Tuesday, July 1, 2008

The Release of the Spirit • Introduction

Watchman Nee (born Nee Shu-Tsu) was a Chinese Christian who ministered in the first half of the 20th century. Although his grandfather was a Christian minister, Nee became a Christian through the influence of a female evangelist (Dora Yu) in 1920, at the age of 17. Although he had no formal pastoral or theological training (he was self-taught through studying the Bible and reading over 3,000 books), Watchman began ministering in 1922. For 30 years he planted churches in rural China and pastored in Shanghai. A few years after the Chinese Communist takeover (Communists came to power in 1950 after 23 years of civil war), he was imprisoned for his faith, but not before he had planted 700 churches with a total attendance of over 700,000. He remained behind bars twenty years until his death in 1972.

The Release of the Spirit is a short book – ten chapters in only 94 pages. We will be looking at one chapter per week, and these posts will generally come on Tuesdays. I have an old edition printed in 1965 by Sure Foundation. If you have a newer copy, our page numbers might not always agree. Just keep in mind that as long as we’re in the same chapter, it shouldn’t be too hard to synchronize our reading.

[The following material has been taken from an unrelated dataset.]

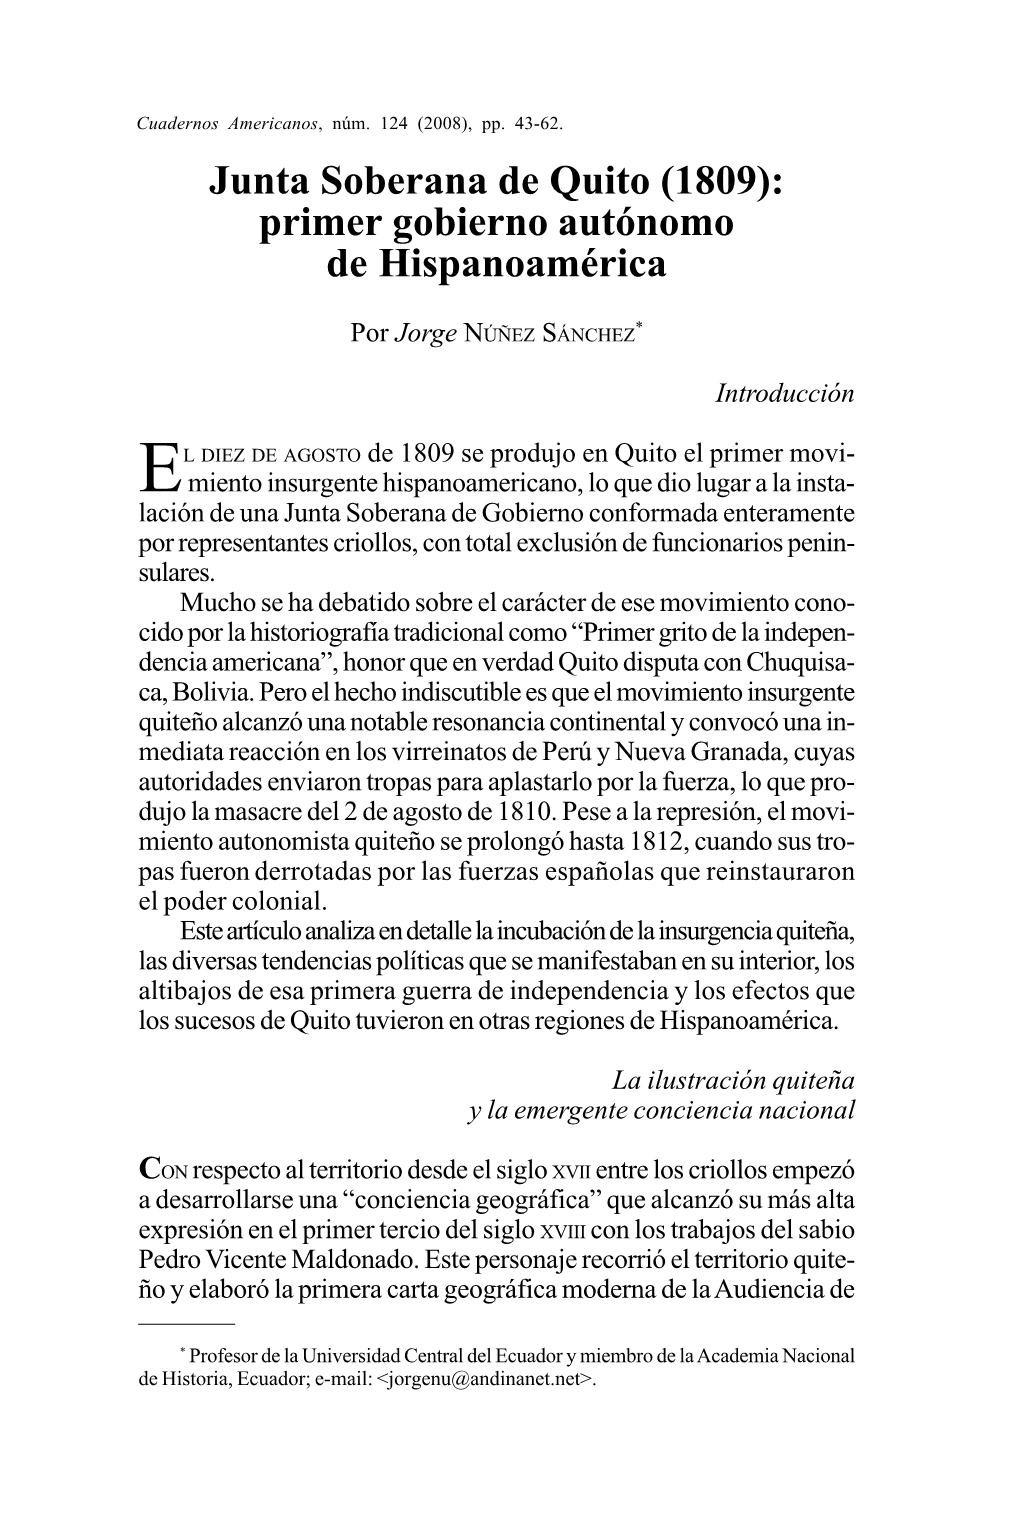 Junta Soberana De Quito (1809): Primer Gobierno Autónomo De Hispanoamérica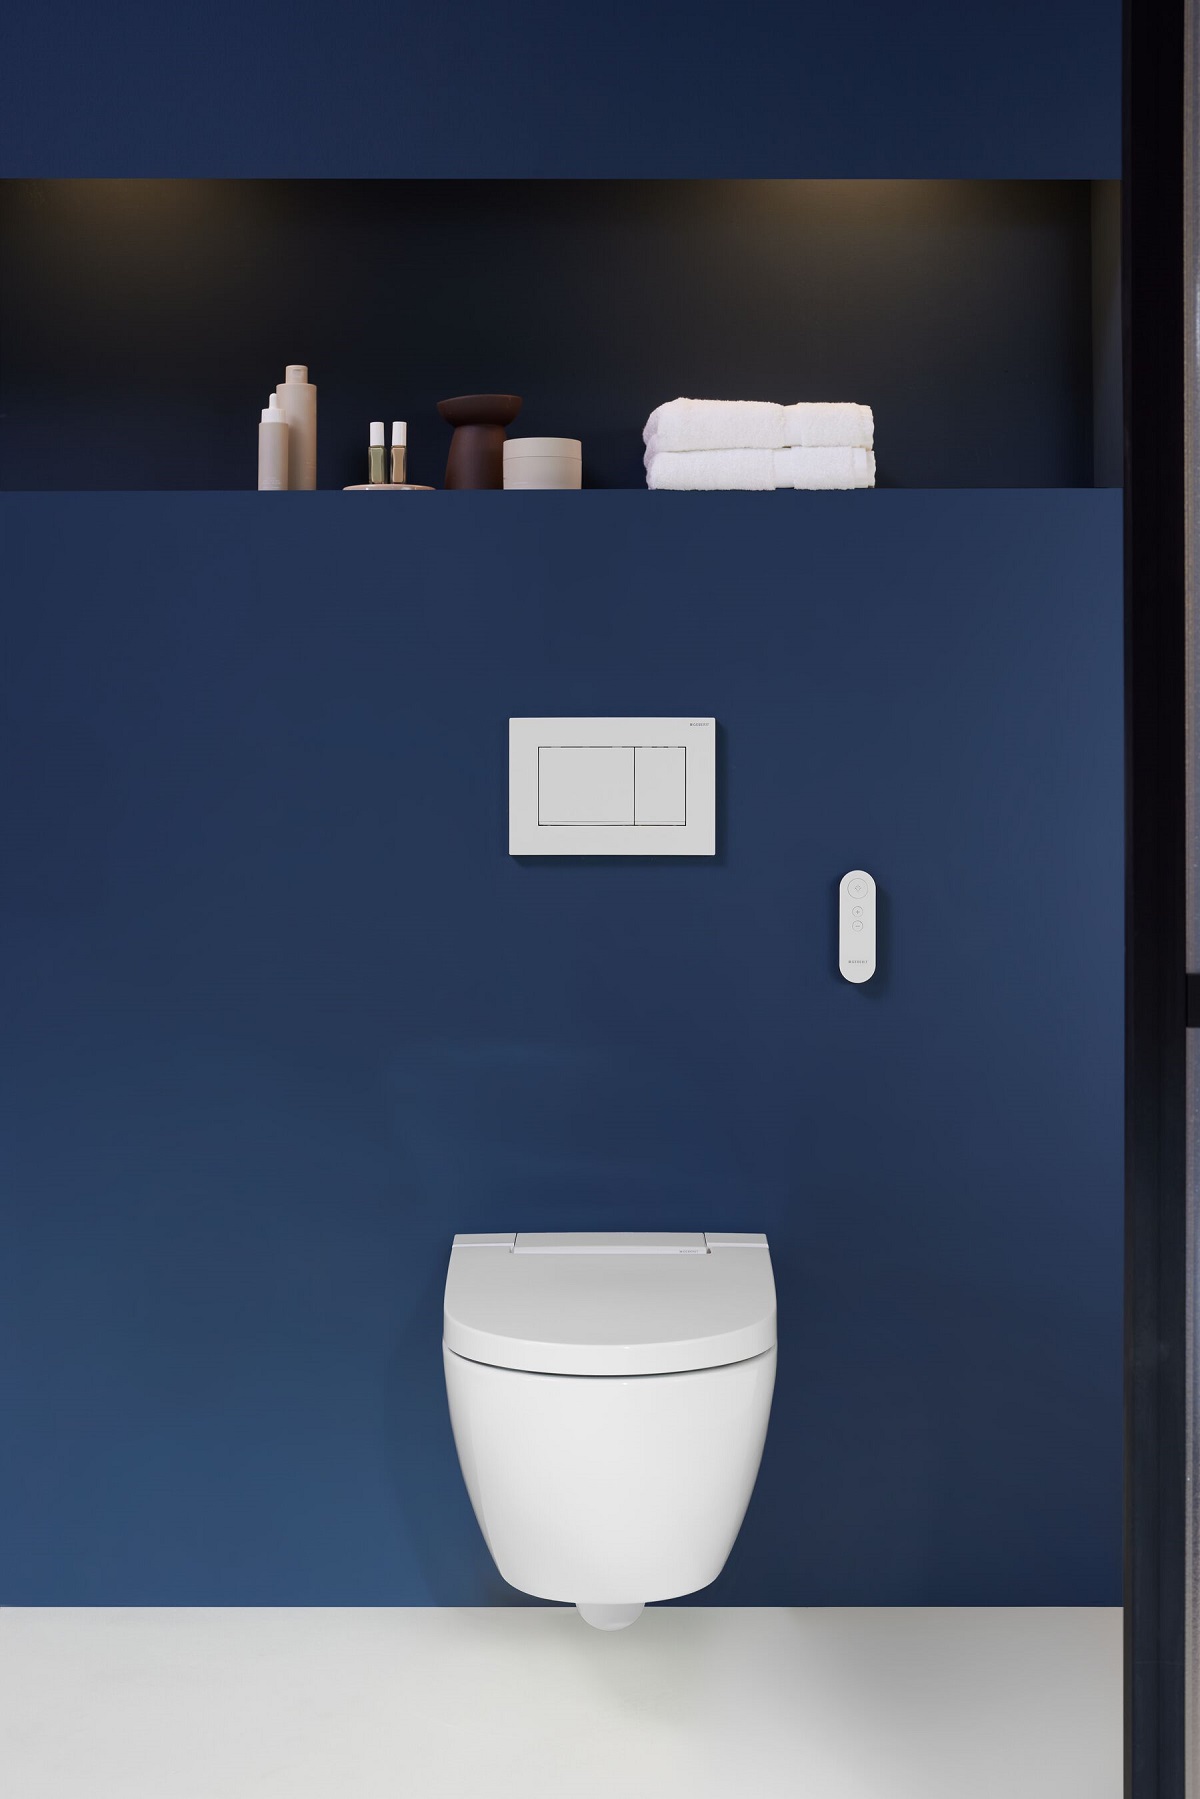 Moderní design snoubený s pohodlím: sprchovací WC AquaClean Alba se stylovým splachovacím tlačítkem a dálkovým ovládáním.

Watchman sees humans in three parts, what he calls the Inner Person, the Outer Person and the Outermost Person. We would call these the spirit, the soul, and the body. [1] It is his conviction that God wants to live in a person’s spirit but that, until the soul (outer person) is broken and submits to the spirit (inner person) it hinders us from fully engaging Christ. It is the natural state of the soul to force its will on the spirit, but only in serving and submitting will the soul find its greatest joy.

Read chapter one for next week.

Have you experienced your outer person (soul) in conflict with your inner person (spirit)? Is the battle resolved? What happened?

[1] While Watchman Nee uses the terms inner man, outward man, and outermost man, I believe for today’s audience, replacing the term man with person clarifies and is congruent with his intended thought.